Der Traum, eines Tages ganz Palästina zurückzubekommen, lebte trotz der vereinbarten schrittweisen Teilung in den Köpfen vieler Palästinenser weiter, genauso wie der Traum von Großisrael bei den Besatzern. Als meine Mutter zu Besuch kam, nahm ich Rania mit zu einem Ausflug an den See Genezareth. „Welcome to Palestine“, witzelte ich, als wir den Checkpoint zurück zum autonomen Jericho passierten. Rania tobte: „Das ist alles Palästina“, Israel inklusive.
Israels Rechte startete eine Hetzkampagne gegen Rabin, ließ Plakate drucken, die den Regierungschef mit Palästinensertuch auf dem Kopf zeigten und in Gestapo-Uniform. Mit federführend war Benjamin Netanjahu, der sich inzwischen in der Hierarchie der Likud-Partei hocharbeitete, und über den ich nach meinem anfänglichen Eindruck zunehmend schlechter dachte. Radikale Rabbiner verhängten das „Din Rodef“, ein altes jüdisches Gesetz, mit dem sie Rabin zum Abschuss freigaben.
Die Bevölkerung in Israel polarisierte sich. Man war entweder für den Friedensprozess oder dagegen. Noch waren viele für ein Ende der Besatzung. Zusammen mit Freunden mischte ich mich unter die Zigtausenden, die am 4. November 1995 nach Tel Aviv zur Friedensdemo strömten. Die Stimmung war großartig. Rabin sprach vom Ende der Gewalt, stimmte mit ein, als das Lied des Friedens gesungen wurde und umarmte einen jungen Popstar, der umstritten war, weil er den Militärdienst verweigert hatte.
Als sich die Menge auflöste, hörte ich jemanden von „Schüssen“ reden, schenkte dem aber keine Aufmerksamkeit. Der Gedanke, dass jemand auf den Regierungschef schießen würde, war absurd. Auch für Rabin selbst, der noch kurz vor der Kundgebung einem Reporter versicherte, es sei völlig überflüssig, eine kugelsichere Weste zu tragen.
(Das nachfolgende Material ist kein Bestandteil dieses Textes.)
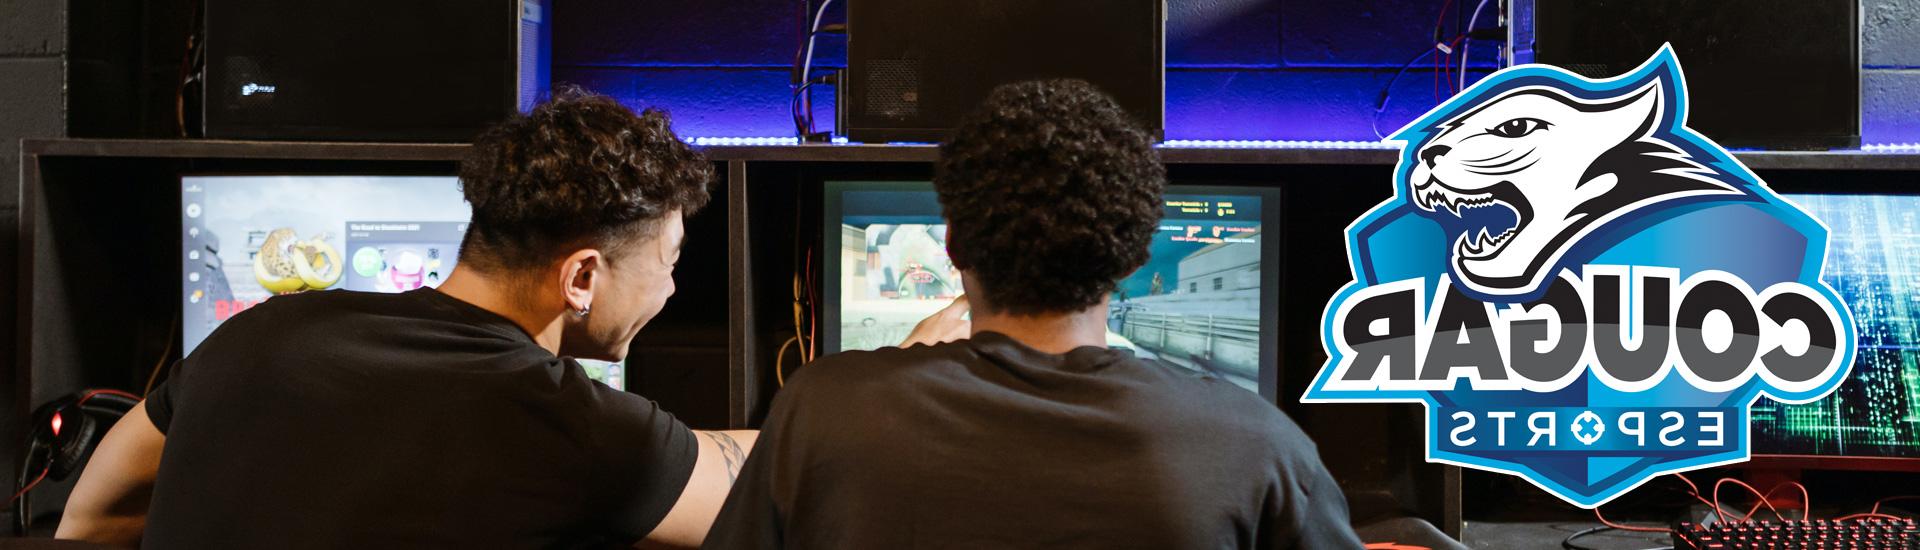 两个男人在玩电子游戏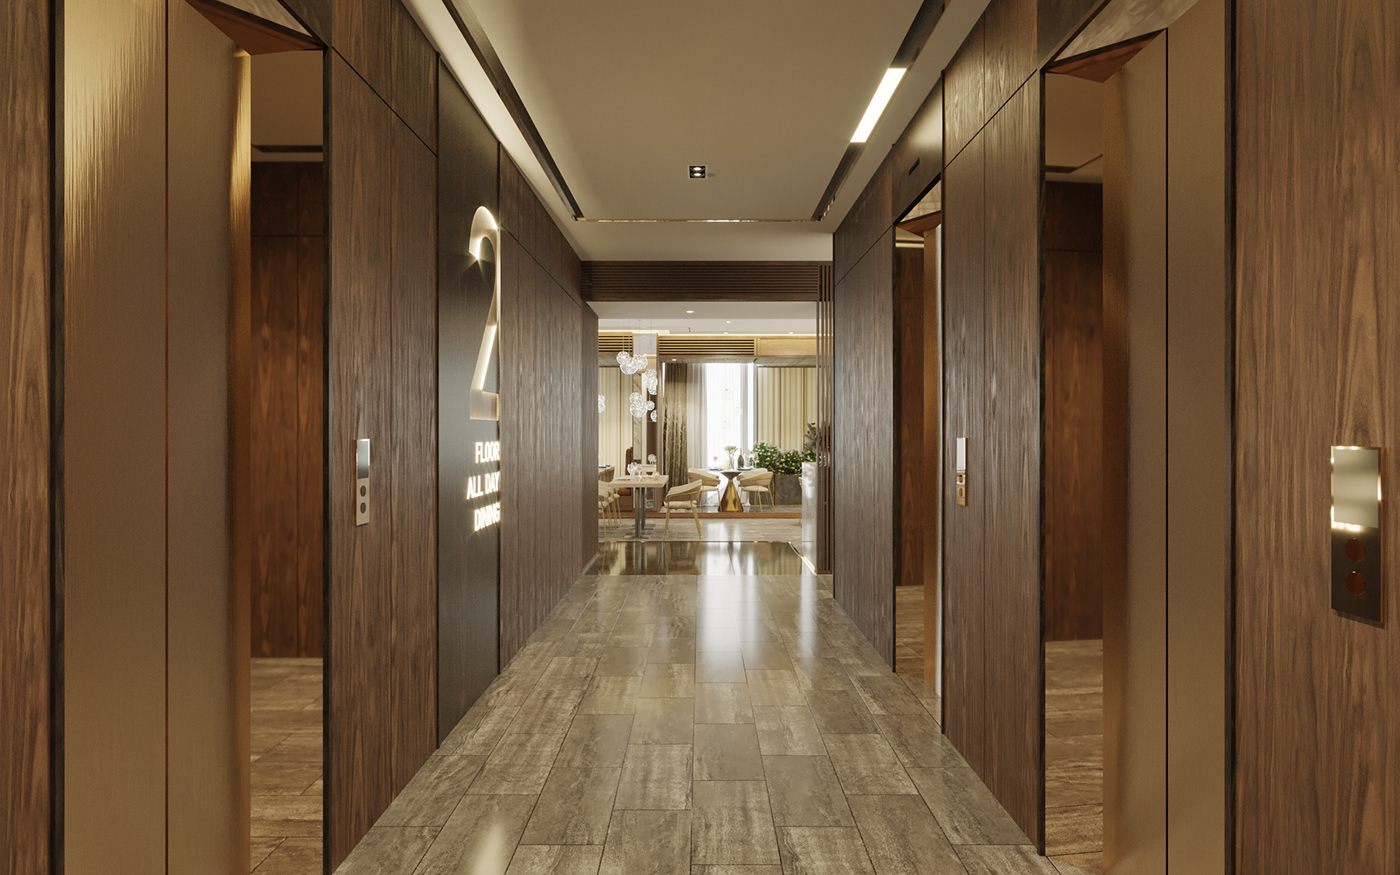 3ds max architecture corona Interior interior design  modern Render visualization

Unbeschwert suchten wir nach freien Plätzen in einem der Straßencafés, wo die Nachricht vom Attentat schon im Fernsehen lief. Mit erstickter Stimme gab Eitan Haber, seinerzeit Rabins Bürochef, wenige Stunden später den Tod des Regierungschefs bekannt. Ich brauchte eine Weile, um die Nachricht zu erfassen. Gleichzeitig überhäuften sich die Aufträge. Schlechte Nachrichten bedeuten für uns freie KorrespondentInnen immer sichere Einnahmen.
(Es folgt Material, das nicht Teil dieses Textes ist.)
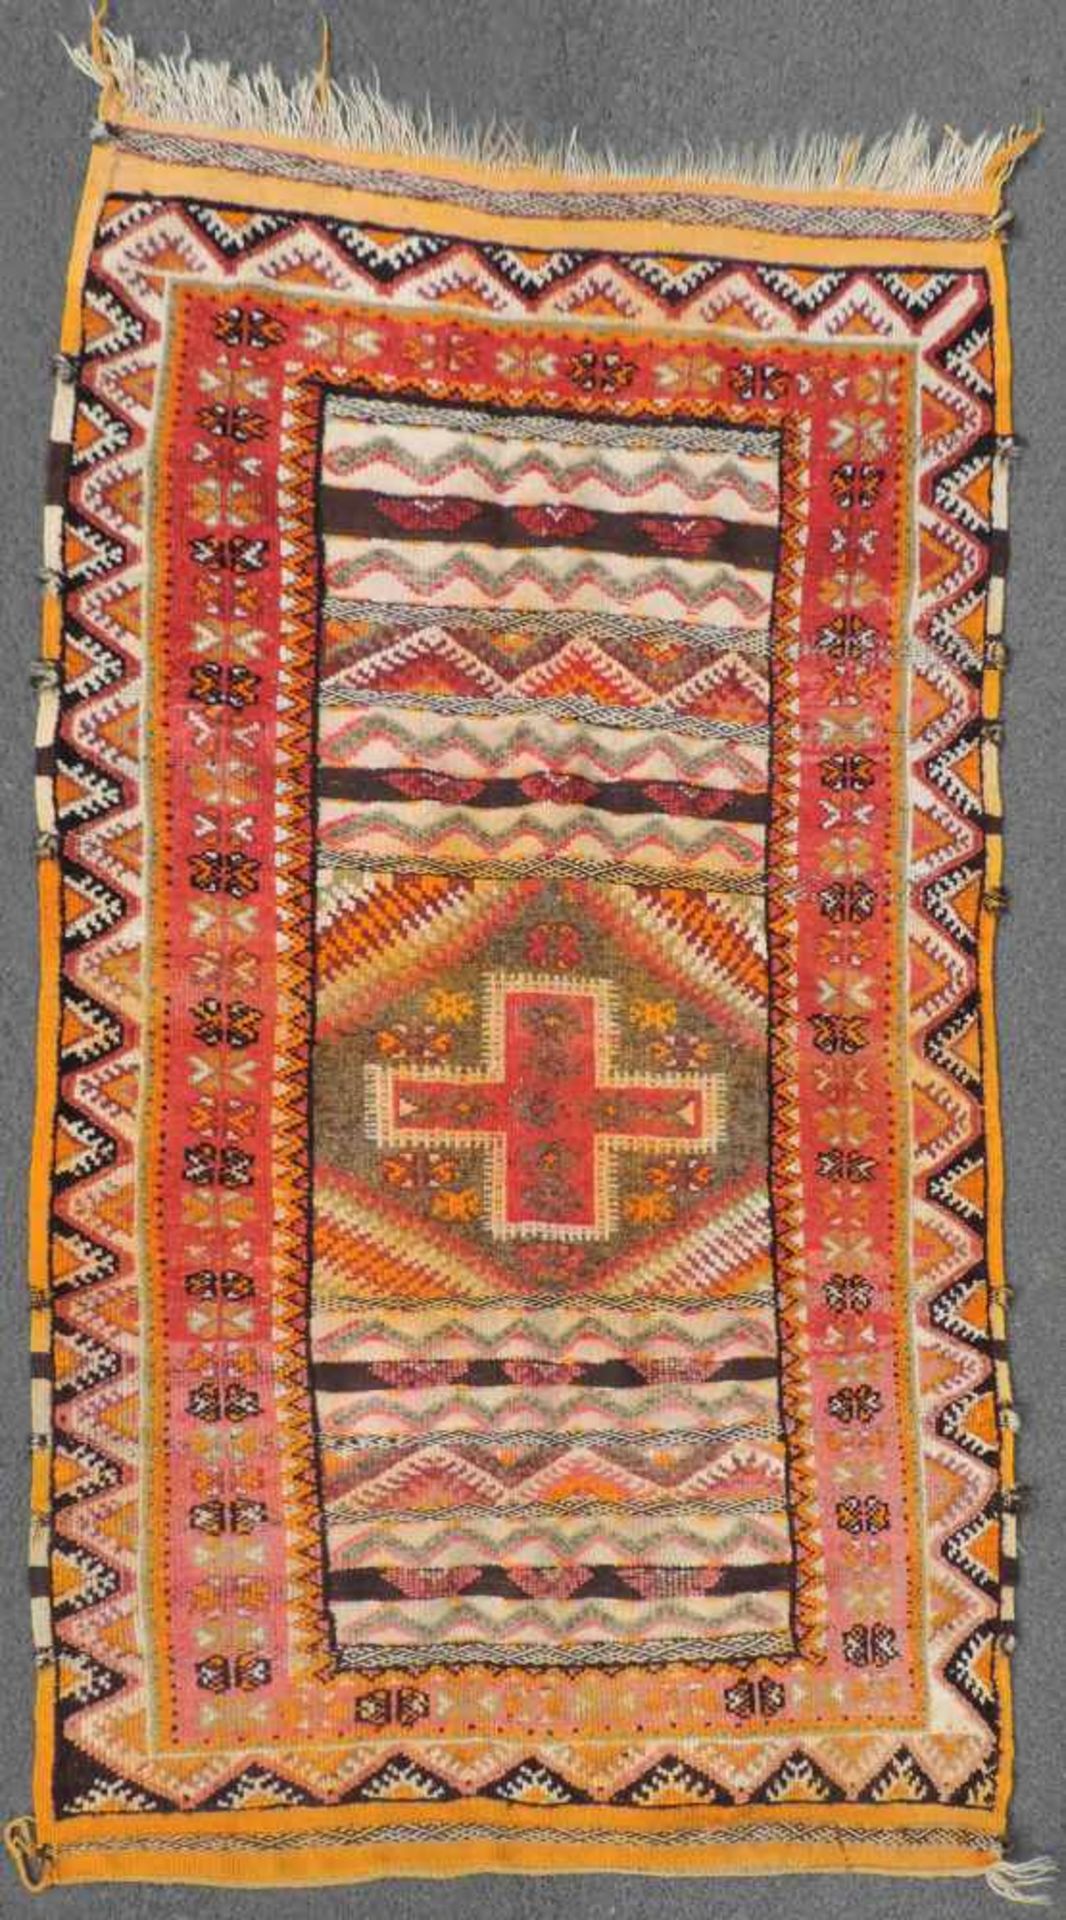 Atlas Teppich. Marokko. Alt, Mitte 20. Jahrhundert. 185 cm x 103 cm. Handgeknüpft und handgewebt.

Nach Rabins Tod verschärfte sich der Ton. Netanjahu machte aus seinem Misstrauen gegenüber den Palästinensern keinen Hehl: Der Friedensprozess sei für die PLO nur Mittel zum Zweck. Die Euphorie des Friedenslagers über die Osloer Friedenspläne wich der Ernüchterung, dass es ohne Rabin so bald nichts damit werden würde.
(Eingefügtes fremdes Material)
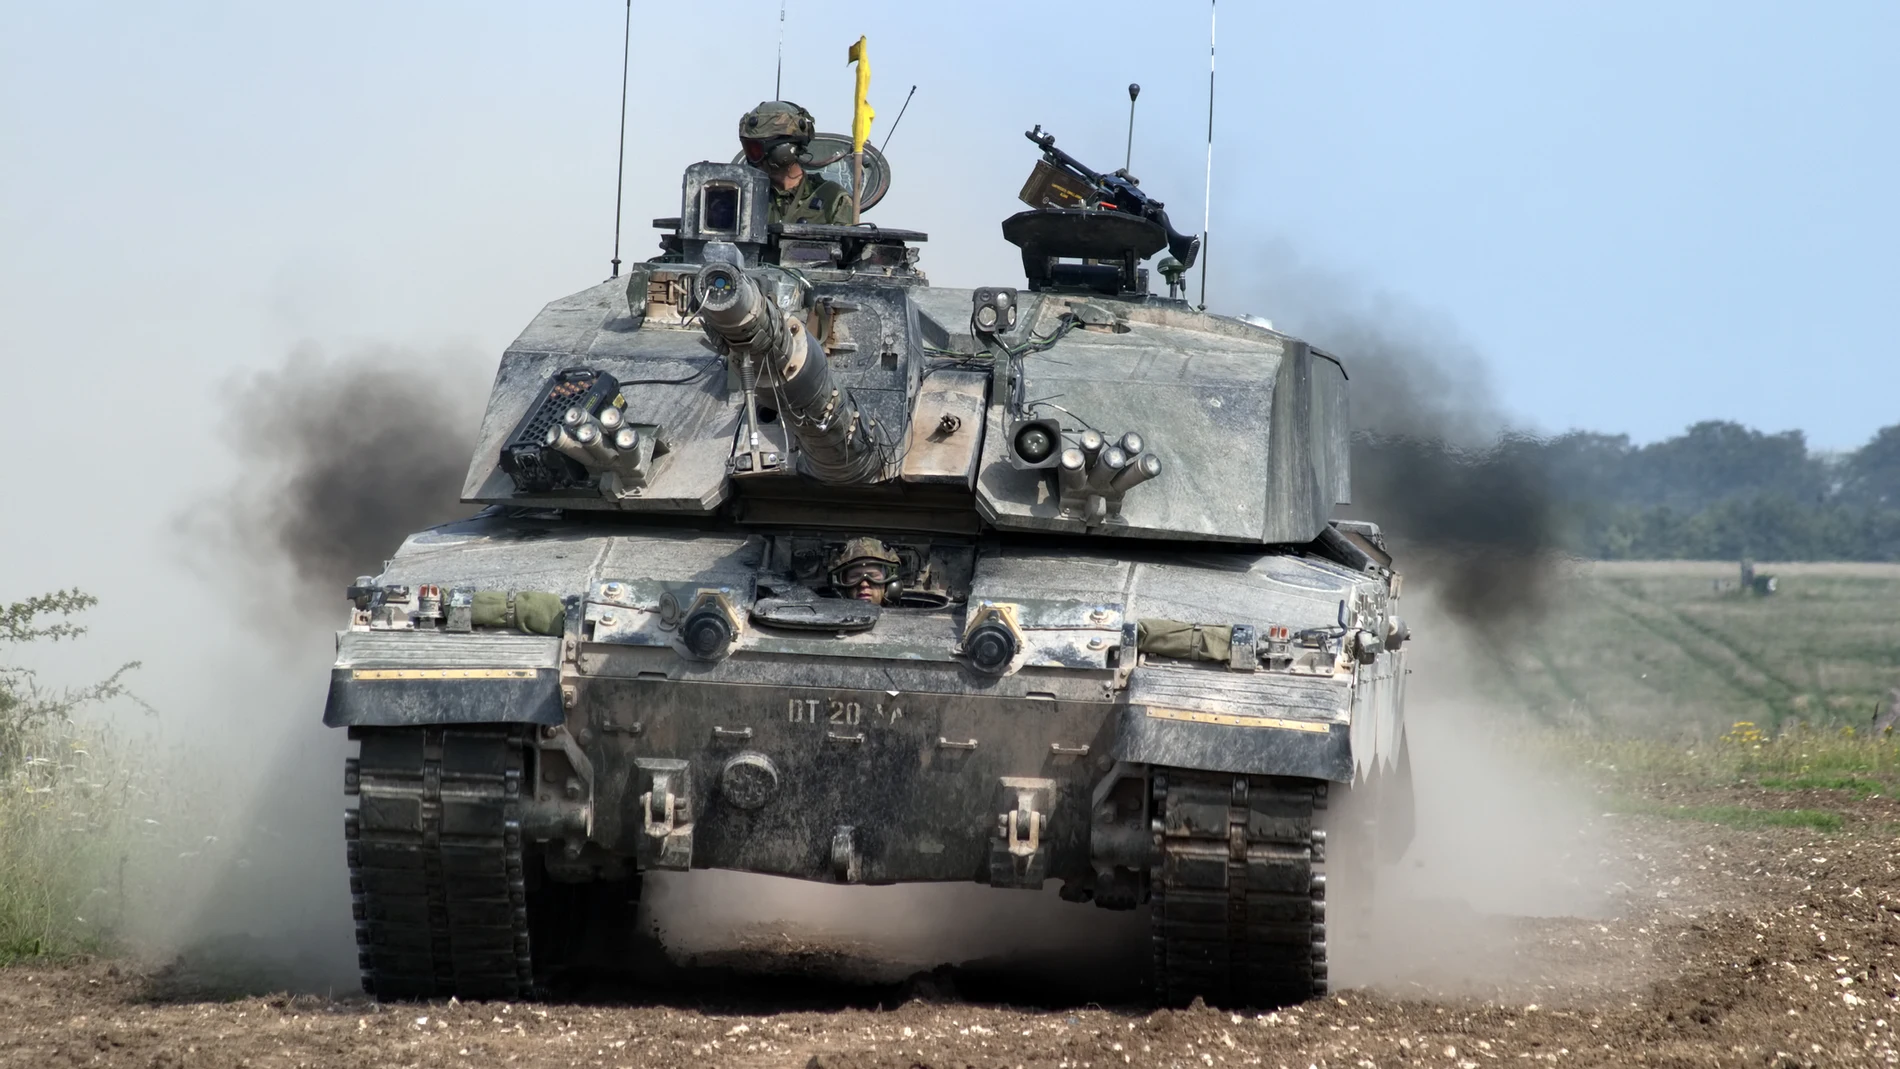 El Challenger 2 es el tanque de batalla principal del Ejército británico

Ich verließ Jericho und zog in einen Kibbuz. Harel liegt auf halber Strecke zwischen Tel Aviv und Jerusalem. Als Hagai zu Besuch kommt, rümpft er die Nase. „Die Kibbuzim stinken alle gleich“, sagt er. Bei erster Gelegenheit hatte er „den Kollektivisten“, bei denen er aufgewachsen war, für immer den Rücken gekehrt. Der „Gestank“ rührte vom aufgewärmten Essen und dem Chlor, mit dem der Speisesaal gereinigt wird. Die Kollektivisten störten mich nicht. Als Mieterin genoss ich die Vorteile des Kibbuz, ohne an die Entscheidungen der Mitgliederversammlung gebunden zu sein, die darüber bestimmte, wer wo arbeitet, wer studieren oder mal ins Ausland reisen darf.
Die taz und mein Sohn
Ich hielt den Kontakt zu meinen Freunden in Jericho. Ranias Bruder Samir arbeitete illegal als Elektriker in Israel und wurde erwischt. Ich besuchte ihn im Gefängnis, brachte ihm Zigaretten mit, die ihn nie erreichten. Als Samir schließlich in Hand- und Fußschellen dem Richter vorgeführt wurde, wurde mir schwer ums Herz. Ich saß neben seinen Eltern, die mich gebeten hatten, für ihn auszusagen. Es half nichts. Er musste noch weitere Monate im Gefängnis bleiben und zog anschließend nach Amerika.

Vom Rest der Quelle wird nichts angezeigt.